ON 1 April last year, during the London demonstrations against the G20 meeting then taking place, Ian Tomlinson, a newspaper seller, was hit with a police baton and pushed with force to the ground and died after struggling to walk away from the scene. He had not been involved in the demonstrations.

Yesterday the Director of Public Prosecutions, Keith Starmer, said that no charge would be brought against the policeman concerned because there was “no realistic prospect of getting a conviction.” Despite the existence of a video showing what happened Mr Starmer said that disagreements between doctors carrying out post-mortems would make a conviction impossible. Two doctors agreed that Mr Tomlinson died from “blunt force trauma and internal bleeding”; a third, Dr Freddy Patel, said that natural causes linked to a coronary artery disease was the cause. (Dr Patel is separately facing four charges of misconduct in relation to other post-mortems.)

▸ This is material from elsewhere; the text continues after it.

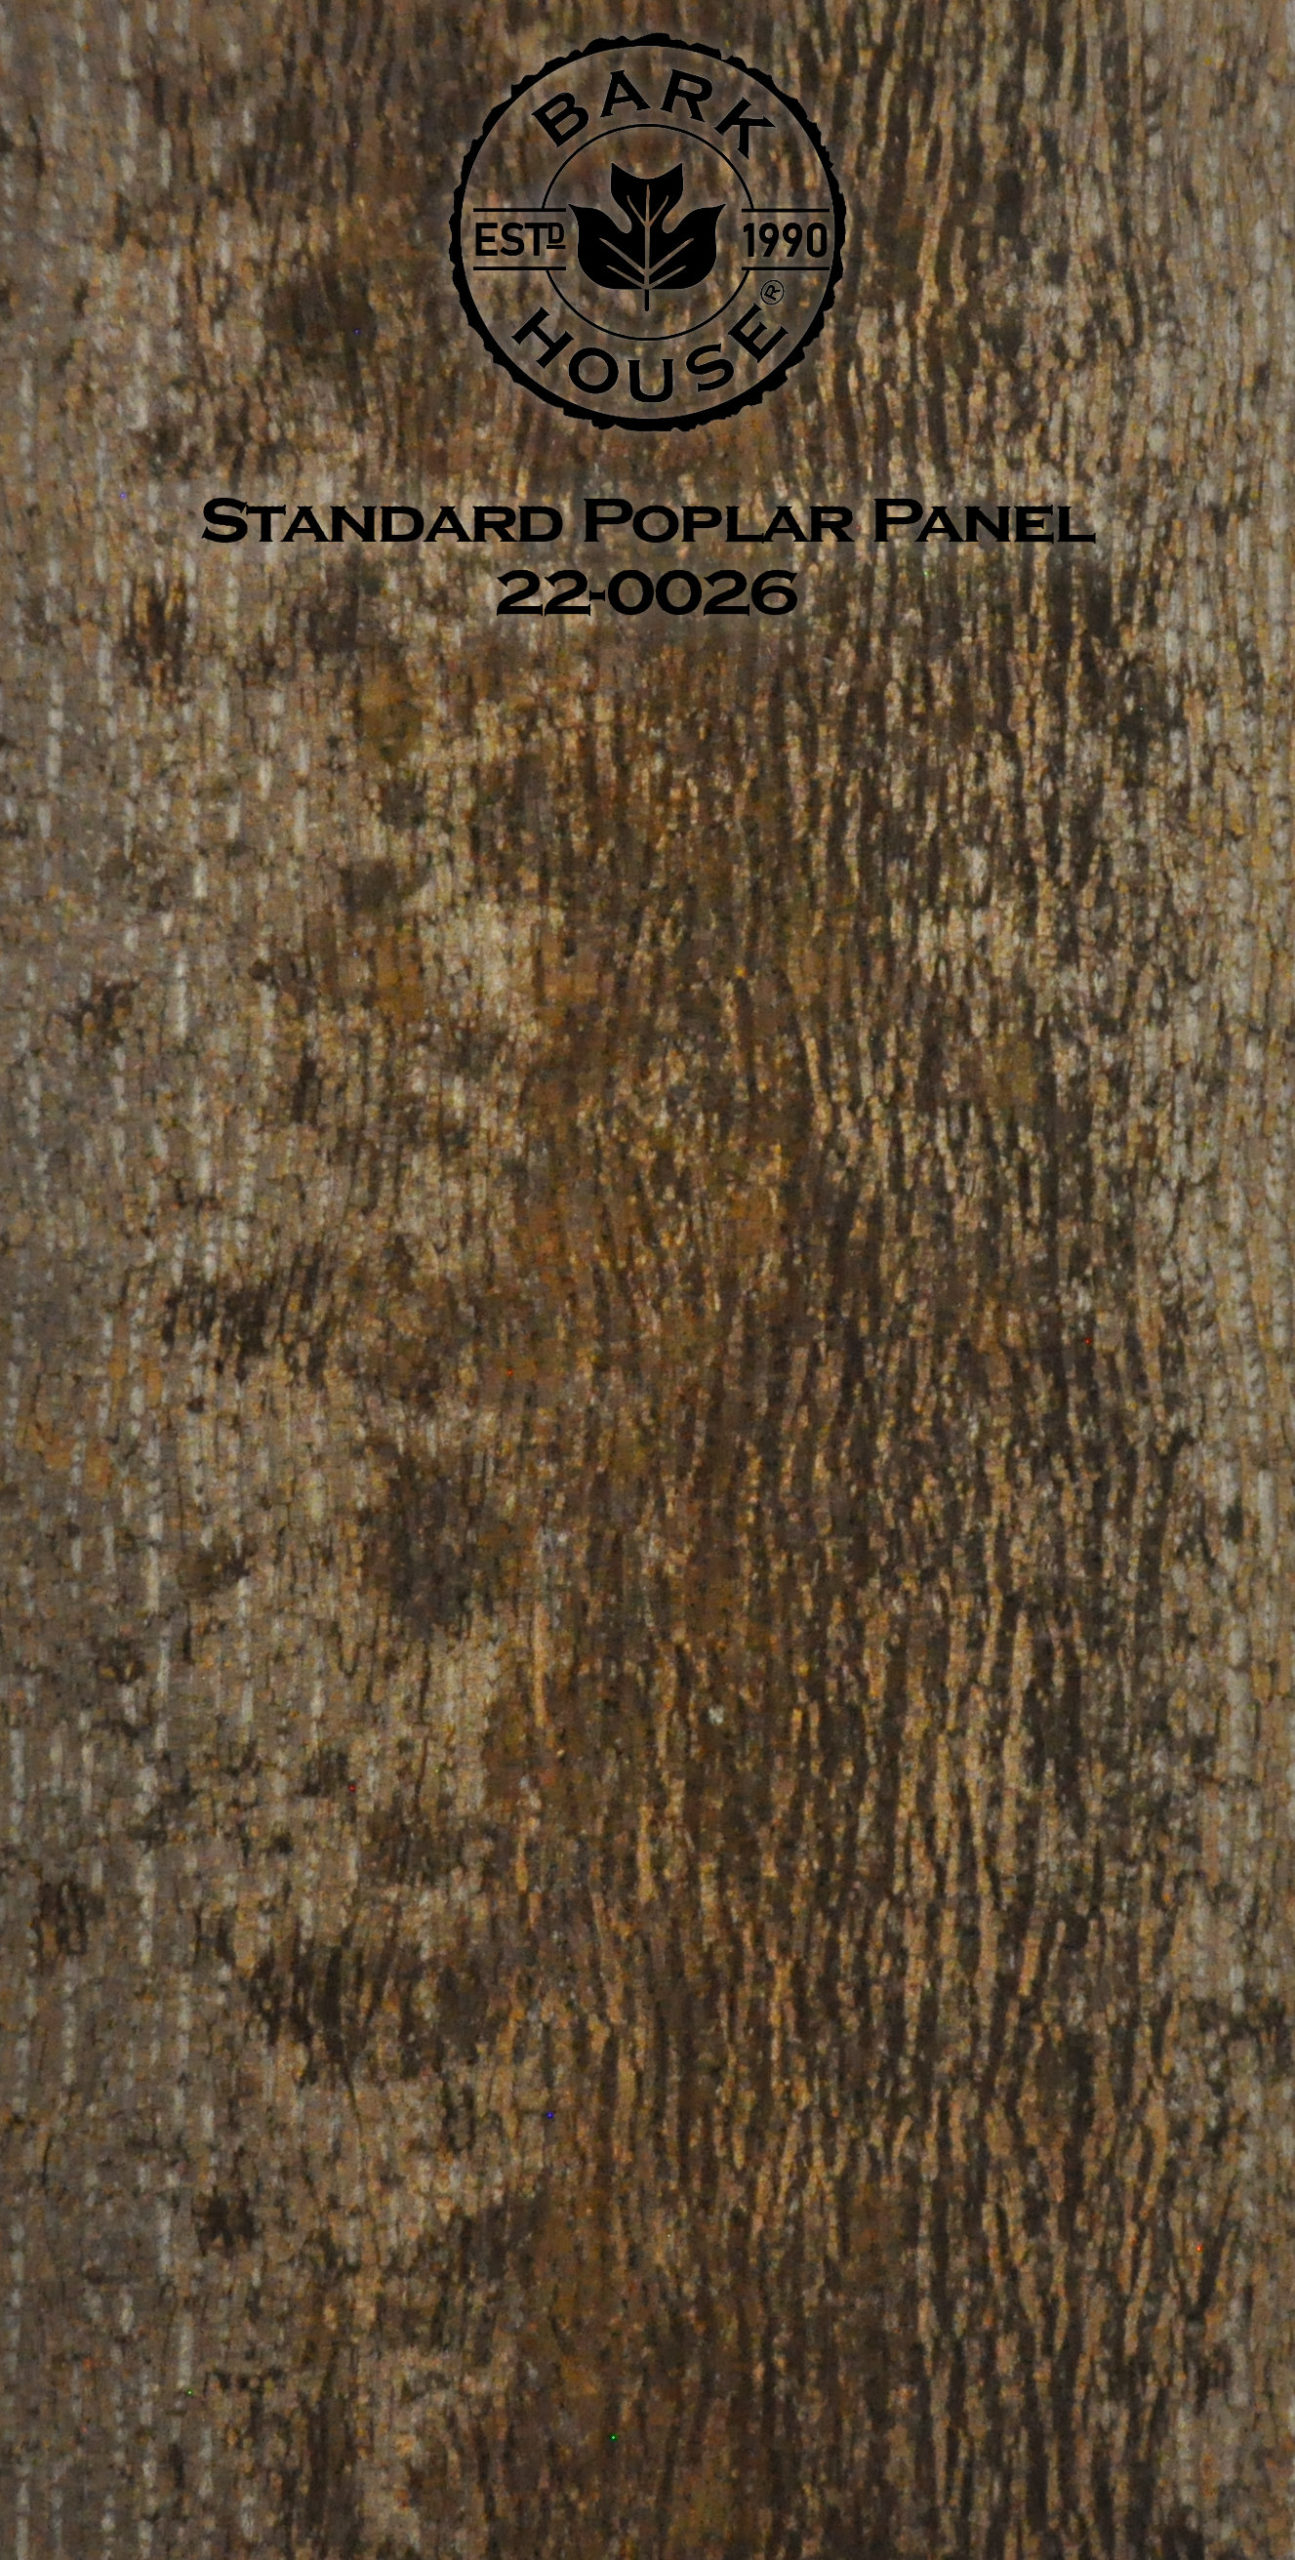 Bark House poplar bark panel SKU POPP-STD-22-0026

Common sense suggests that a jury and not the Director of Public Prosecution should determine how Mr Tomlinson died and who was responsible according to the evidence, including the post-mortems. If the jury could not agree, at least the facts would have been brought out. Now nothing more will be known because the six month time limit for bringing an alternative charge of common assault has expired -- conveniently for the Metropolitan Police, it might be thought.